Session: Game; Time*; Matchup^{#}; Television; Score; attendance
First round - Thursday, March 8
1: 1; 11:30am; No. 8 Iowa vs. No. 9 Illinois; BTN; 64–61; 17,936
2: 2:00pm; No. 5 Indiana vs. No. 12 Penn State; BTN; 75–58; 17,936
2: 3; 5:30pm; No. 7 Northwestern vs. No. 10 Minnesota; ESPN2; 75–68 OT; 17,257
4: 8:00pm; No. 6 Purdue vs. No. 11 Nebraska; ESPN2; 79–61; 17,257
Quarterfinals - Friday, March 9
3: 5; 12:00pm; No. 1 Michigan State vs. No. 8 Iowa; ESPN; 92–75; 18,484
6: 2:30pm; No. 4 Wisconsin vs. No. 5 Indiana; ESPN; 79–71; 18,484
4: 7; 6:30pm; No. 2 Michigan vs. No. 10 Minnesota; BTN; 73–69 OT; 18,484
8: 9:00pm; No. 3 Ohio State vs. No. 6 Purdue; BTN; 88–71; 18,484
Semifinals - Saturday, March 10
5: 9; 1:40pm; No. 1 Michigan State vs. No. 4 Wisconsin; CBS; 65–52; 18,451
10: 4:05pm; No. 2 Michigan vs. No. 3 Ohio State; CBS; 77–55; 18,451
Championship - Sunday, March 11
6: 11; 3:30pm; No. 1 Michigan State vs. No. 3 Ohio State; CBS; 68–64; 17,125
*Game times in Eastern Time. #-Rankings denote tournament seeding.
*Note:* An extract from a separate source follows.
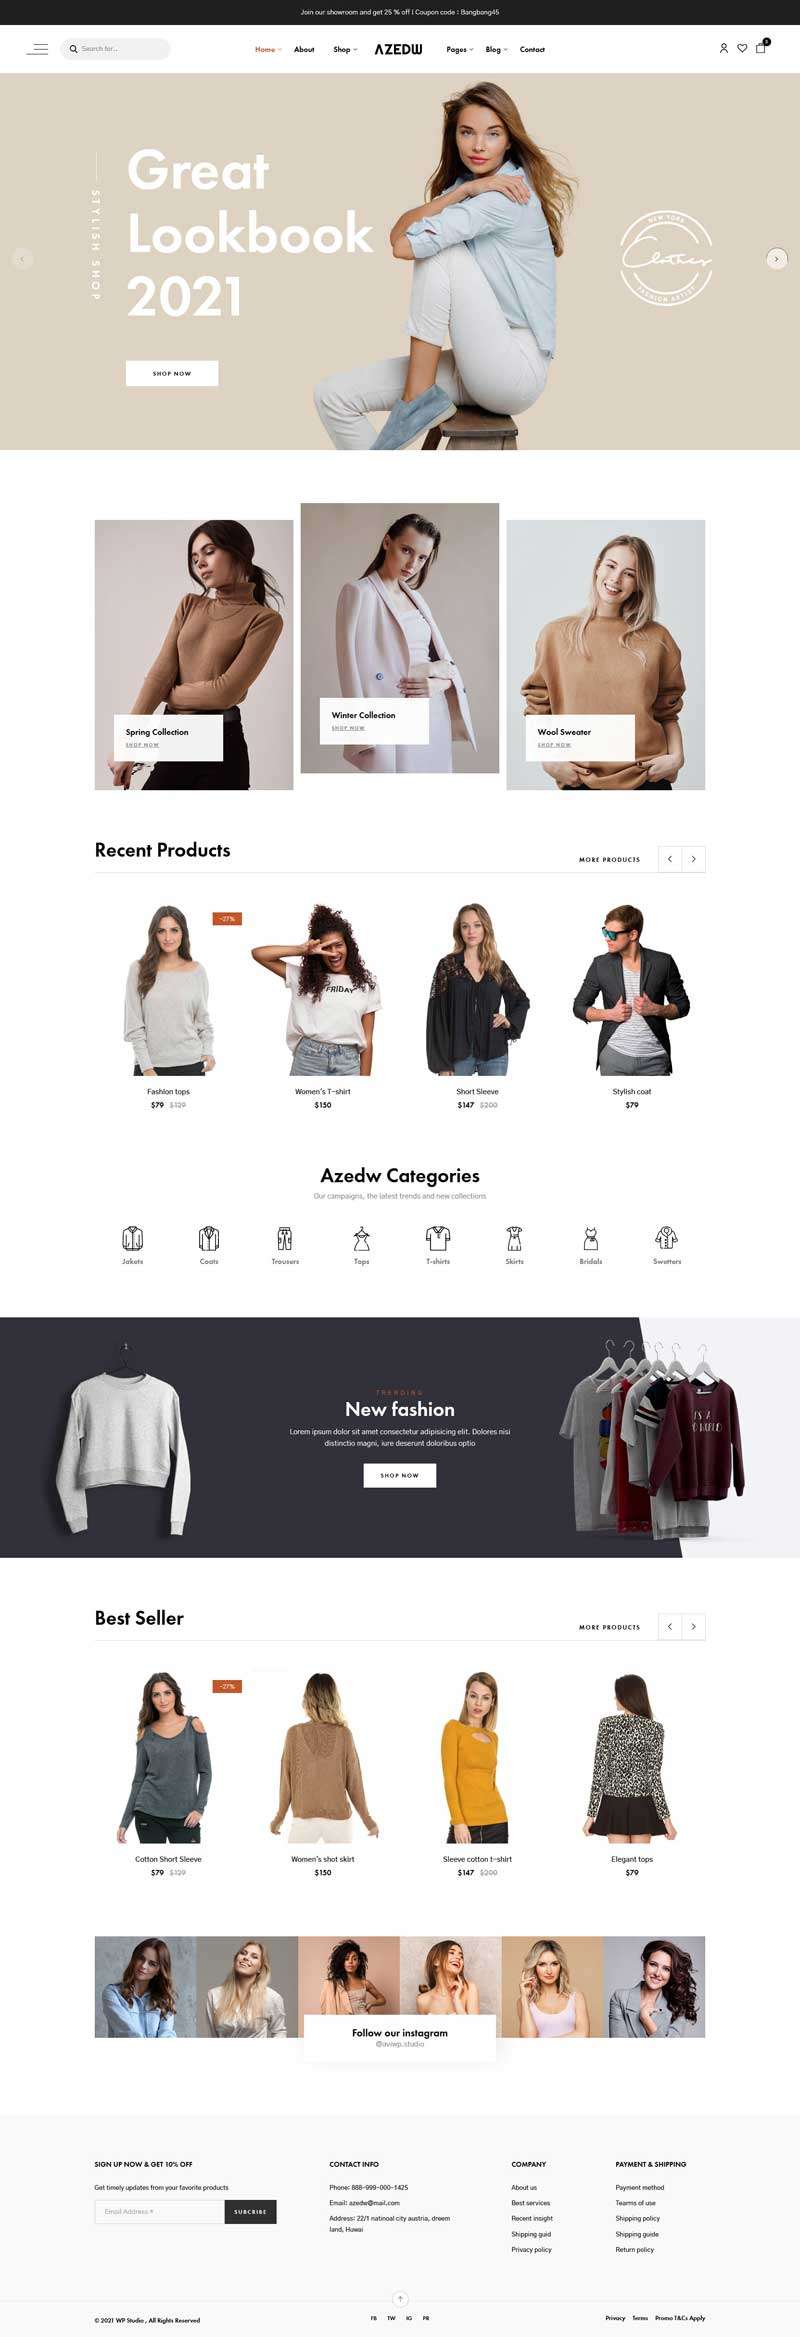 时尚服装店铺网站HTML模板
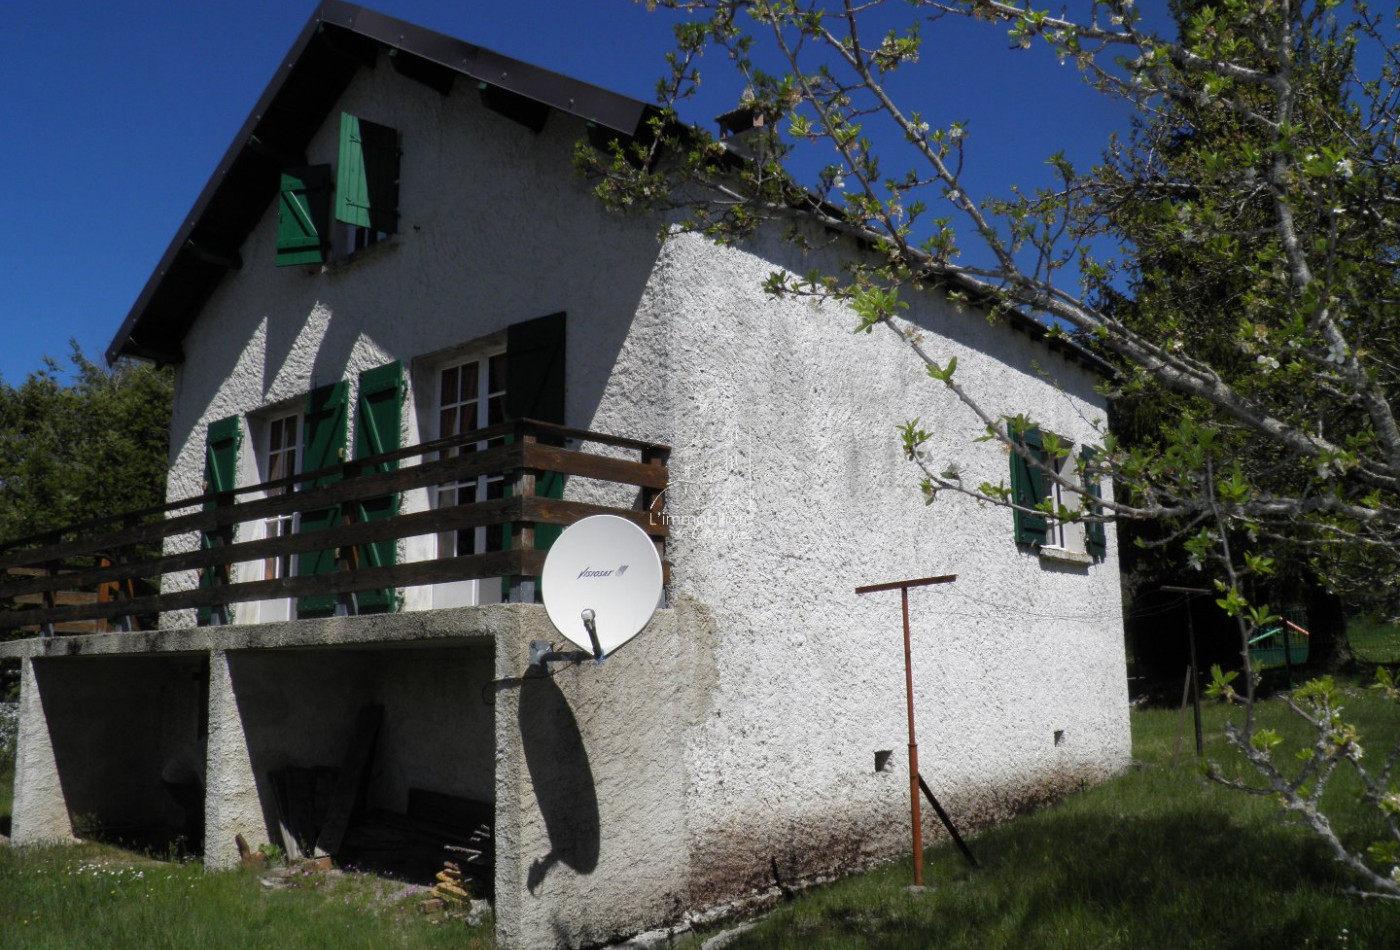 sale Maison de village Saint Sauveur Camprieu

Attendance figures; Total Tournament Attendance:107,737

==Honors==

===All-Tournament Team===
- Draymond Green, Michigan State – Big Ten tournament Most Outstanding Player
- Brandon Wood, Michigan State
- Andre Hollins, Minnesota
- Jared Sullinger, Ohio State
- Deshaun Thomas, Ohio State

==Tournament notes==
- For the third year in a row, the No. 1 seed won the Big Ten tournament, but this would be the last time for years to come.
- There were only two upsets in this tournament, the biggest being No. 10 seed, Minnesota, over No. 7 seed, Northwestern.